第30話 信じてもらえなかった私と、生き延びた夜

■「私」の声では、誰も動かない


状況が本格的に動いたのは、体が限界になり

「このままだと死ぬかもしれない」と本気で思ったときだった。


そのとき、友人が立ち上がってくれた。

彼女は私の代わりに行政へ連絡し、すべてを説明してくれた。


驚いたのはその反応だ。

私がいくら説明しても信用されなかったのに、彼女が語るとすんなり通った。


証人の一言は絶大だった。


しかも彼女は、私の職場という「社会の目のある場所」で、日頃から私を見ていた人だった。

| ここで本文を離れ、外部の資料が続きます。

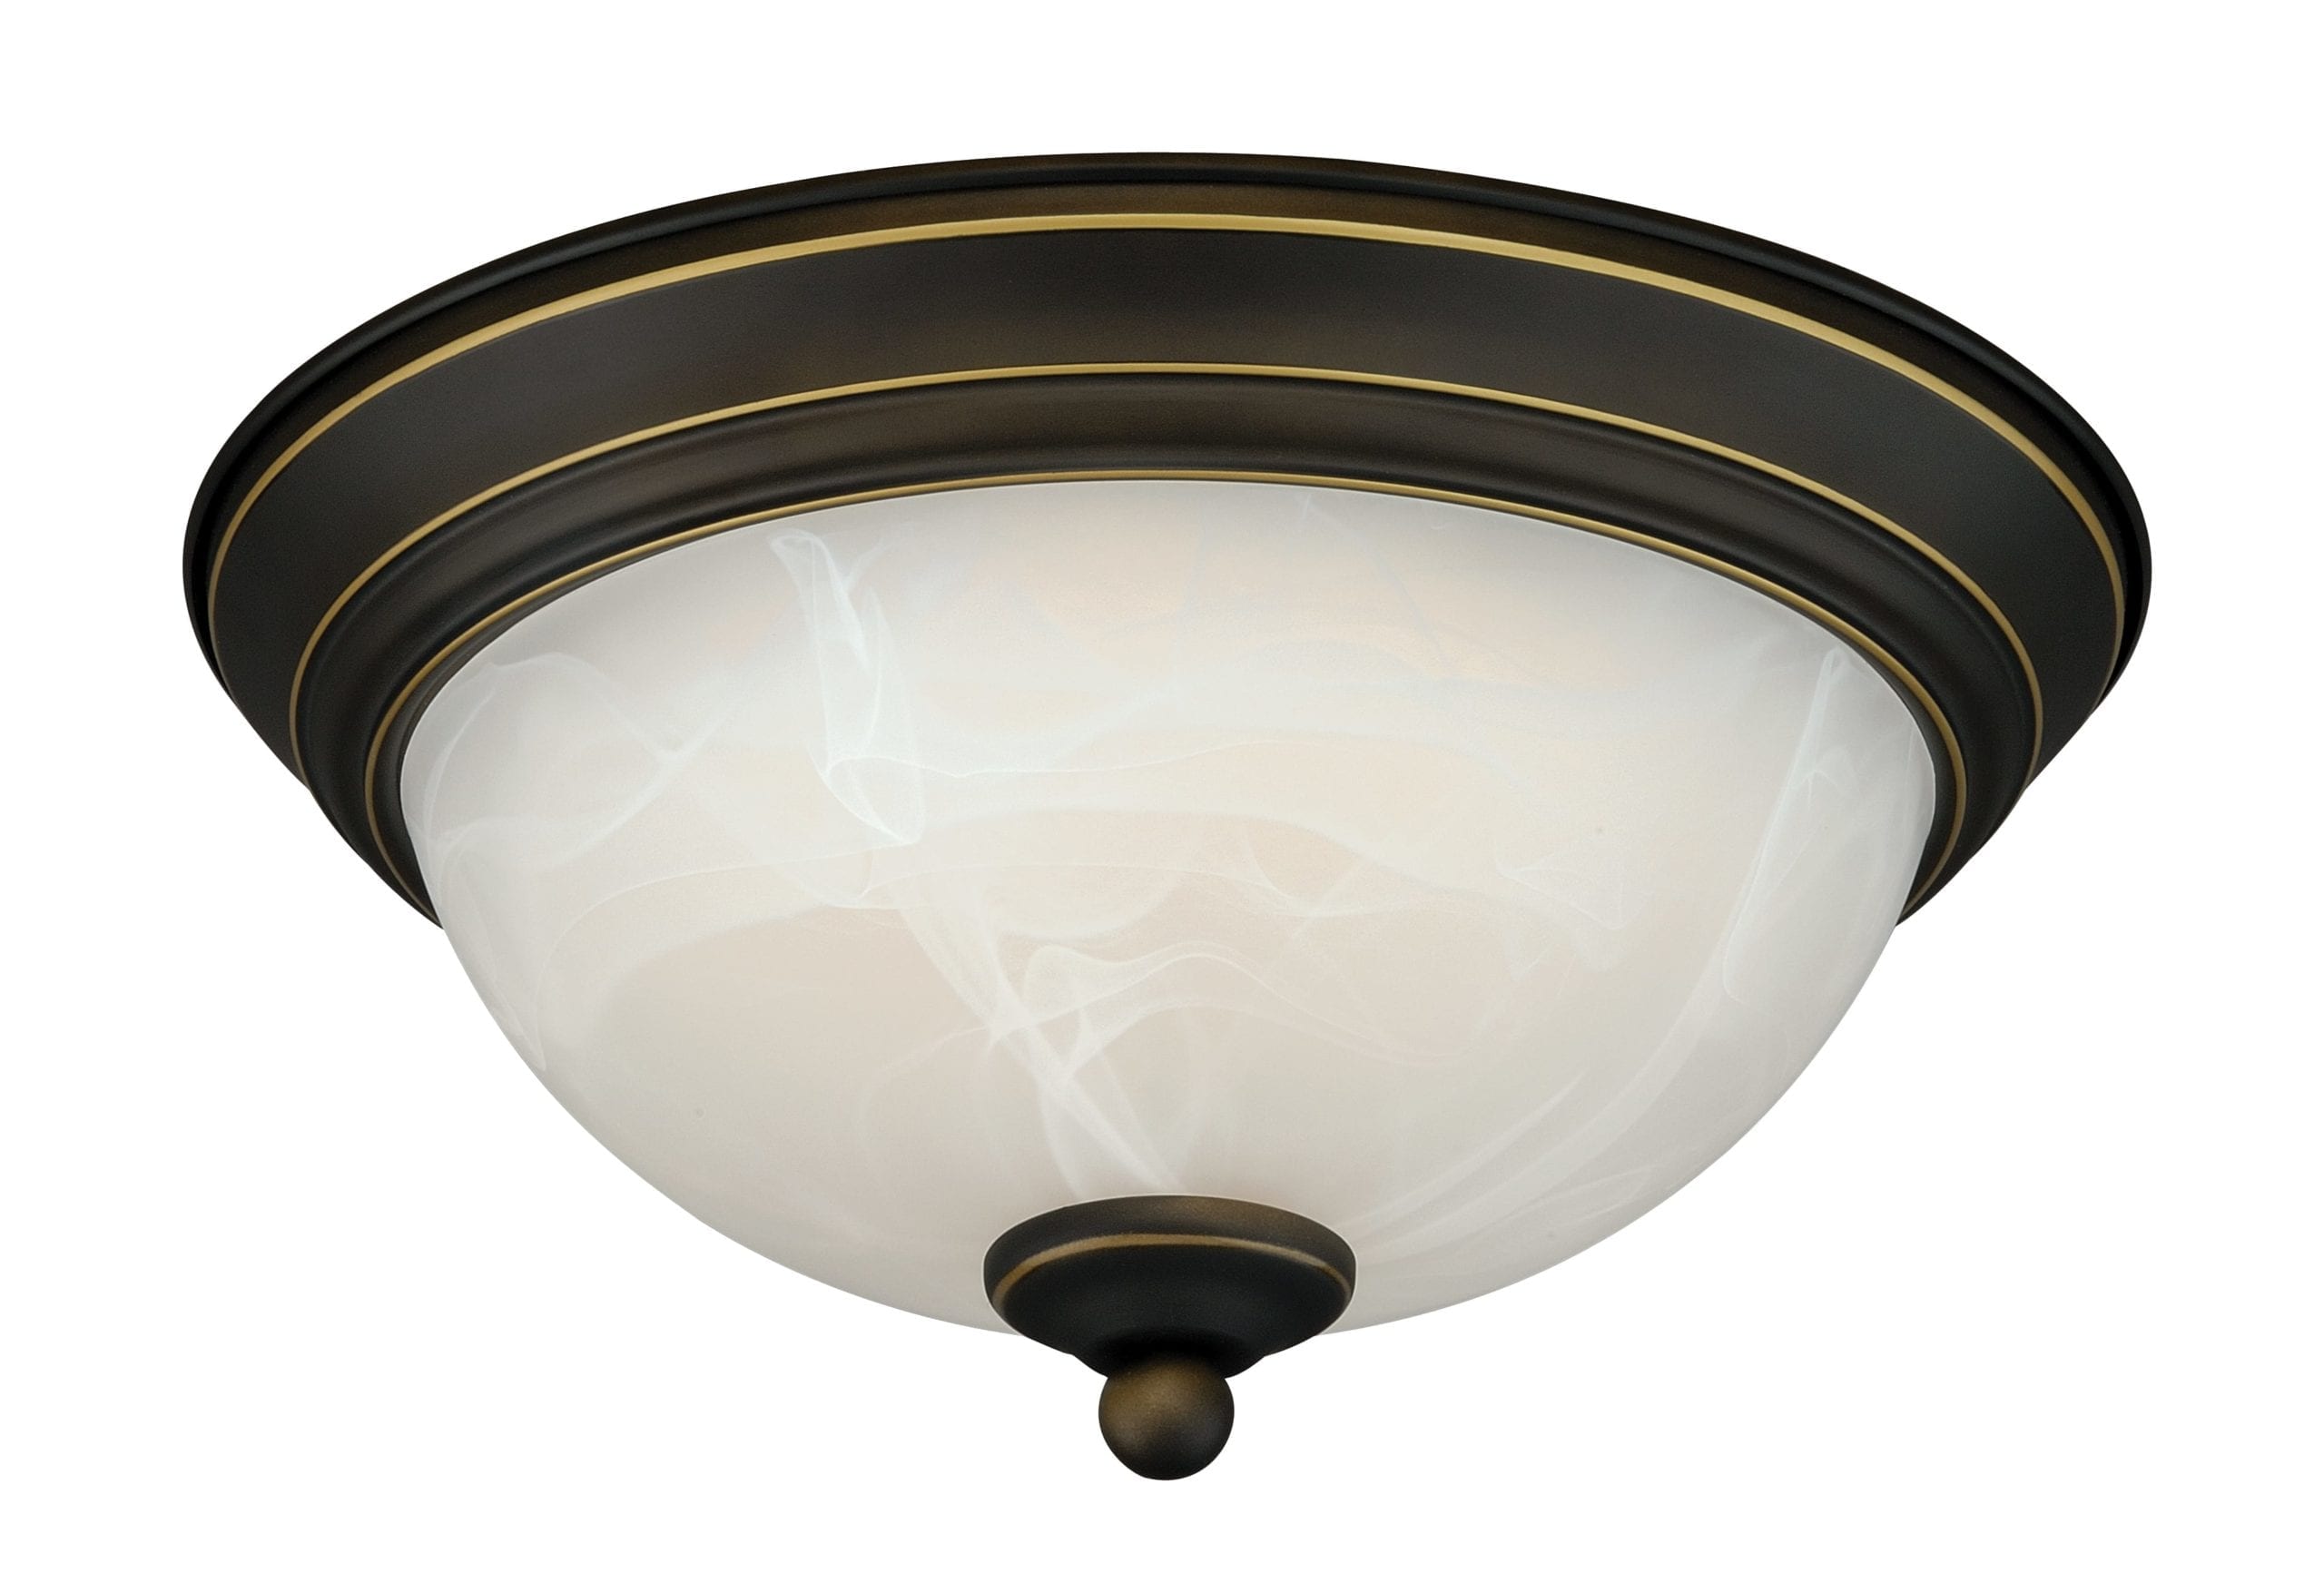 largeoval flush mount ceiling light for kitchen

そう、“社会”の中で見られていた“私”が、ようやく信憑性を持った瞬間だった。


■ モラハラの証拠は、残らないようにできている


助けを求めようとしたとき、最初の壁は「証拠がないこと」だった。


夫のモラハラは毎日。

暴力は月に一度あるかないか。

でも、その一発は意識が飛ぶほど重かった。


それでも痣は残らない。絶妙に加減されていた。

感情的に見えて、実は“証拠を残さないプロ”だった。


それでも私は本能で分かっていた。


──この人は、「私を殺せる」タイプだ、と。


まるで肉食獣と暮らしているような感覚だった。

餌(=機嫌取り)を忘れたら、次の瞬間に喰われるかもしれない。


そんな相手の前で「冷静に会話して、録音して、記録を残す」なんて……現実には無理だった。


■ 行政に相談したら、笑われた


一度だけ、ちょっと元気があったとき。

意を決して、行政のDV相談窓口に電話をかけた。


でも、電話口の女性相談員はこう言った。


「あなたね、DVって分かってる? そんな軽いもんじゃないのよ」

「え〜やだ、こわ〜い(笑)」


……その半笑いの声は、今も耳にこびりついている。


その日から、行政に頼ることをやめた。

「やっぱり、誰も私なんか信じてくれない」と思い知らされた。


■「信じる人」と「信じない人」


職場の多くの人は、気づいていた。

真っ青な顔で会社に来る私、雑談ににじむ家庭の異常さ。


「それはひどい旦那さんだね」

そうやんわり言って、距離を取ってくれる人もいた。


でも、中にはまったく信じない人もいた。

ある上司は、私を「かまってちゃん」「虚言癖」と呼んでいたらしい。


その人にとって夫婦とは、自分の家庭の形そのものだった。

奥さんの文句は“愛ある冗談”。

「本当は夫が大好きで、夫がいないと眠れないんだろ?」と、冗談交じりに笑っていた。


……あれ、地獄からの電話かな?


■「想像できない」ことを、想像できるかどうか


人は、自分の経験の外側を想像するのが苦手だと思う。


夫婦喧嘩ができる人は、「喧嘩すらできない関係」を想像できない。

優しい配偶者がいる人は、「話しかけるのも怖い関係」を想像できない。

問題があっても大丈夫だった人ほど、「自分は例外」と信じて疑わない。


でも、本当に良い関係を築いている人ほど素直に話を聞いてくれた。

「大変だったね」「そんな夫婦もあるんだね」って。


きっと、人を助けられるかどうかは、想像力の幅で決まる。


■ あの夜、私は確かに生き延びた


今の私は、当時とは別人のように笑って暮らしている。


でも、ときどき思い出す。

あの夜のホテルの空気。

娘の寝息と、カーテンの向こうの街灯。


そして、ふっと何かが途切れた瞬間の静けさ。


「私はきっと、今日を生き延びた」


──その確信だけが、あの夜の収穫だった。